The biggest risk with AI is that we don't go big enough
The subject line is a direct quote from Peter Thiel in Crusoe’s funding announcement from last December, where he argues for greater ambition in light of the opportunity AI presents.
There’s a lot of truth in what Thiel stated. AI is the rare technological vector showing rapid progress with the potential to reshape everyday life. There are many accounts of how this might play out—here’s one from Dario Amodei, cofounder and CEO of Anthropic (makers of Claude). Whether any single prediction proves exact matters less than the scale of what’s possible. The upside is unprecedented—likely larger than anything seen in our lifetimes.

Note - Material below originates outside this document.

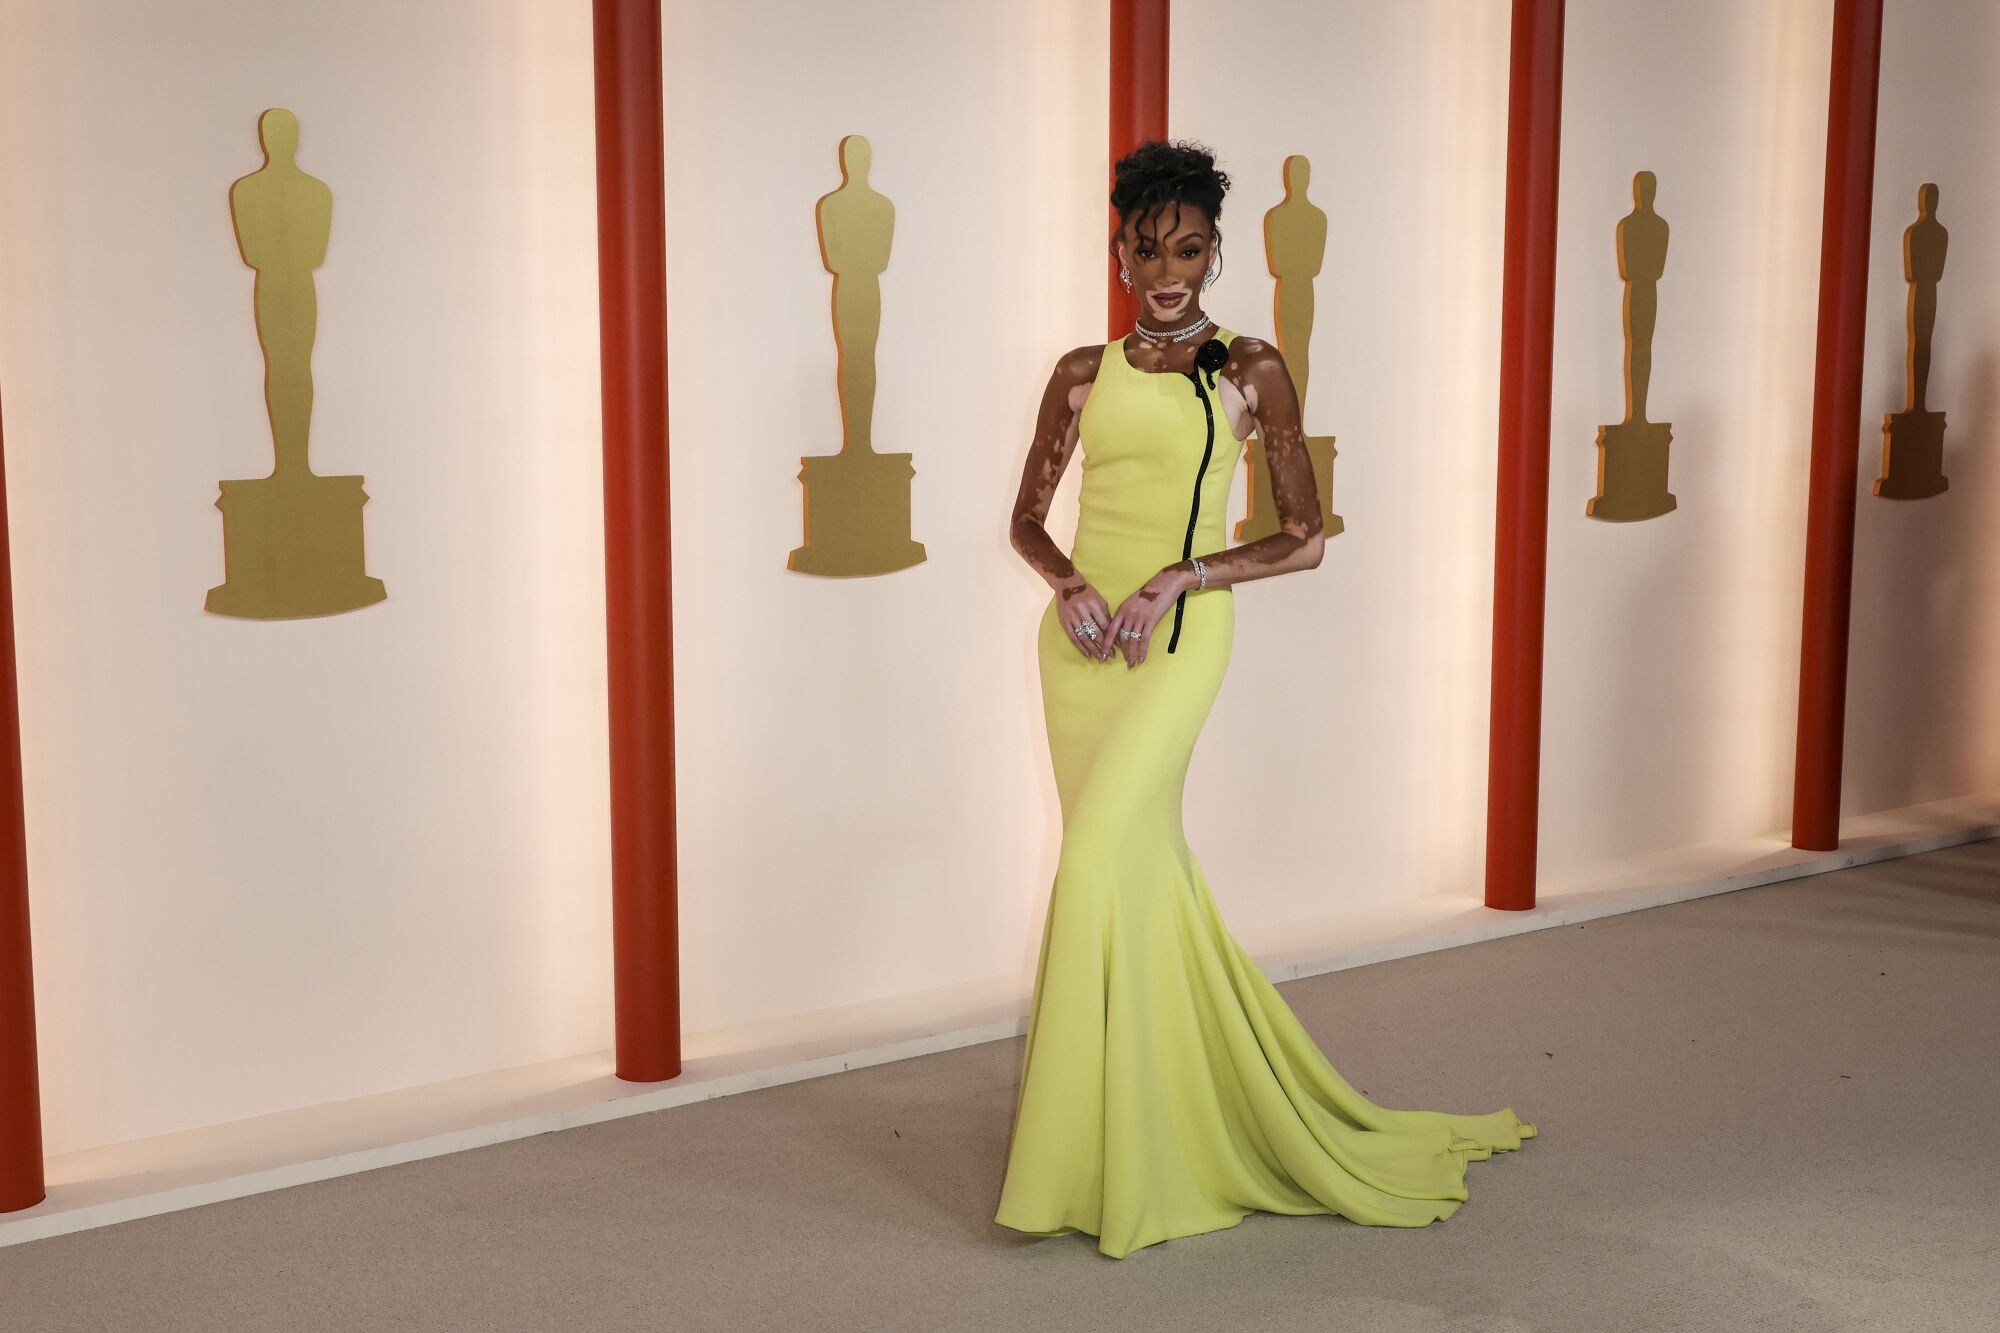 
Winnie Harlow in a diaphanous yellow sleeveless gown

The AI buildout also echoes a deeper story about energy. After the 1973–74 oil shock, rich countries pivoted from “consume more” to conservation and efficiency, and economic growth slowed from post-war highs. Whatever the precise path, AI will drive much higher electricity demand and accelerate better generation technologies. It has put energy back at the center of prosperity. Historically, rising per-capita energy use correlates with rising productivity and living standards.
Energy abundance has always tracked civilizational progress. Having the slack to be “wasteful” with energy often unlocks new possibilities we can’t yet imagine. It enabled the invention of AI in the first place.
Whether because of AI’s singular potential or the energy expansion it compels, the biggest risk is that we don’t aim big enough.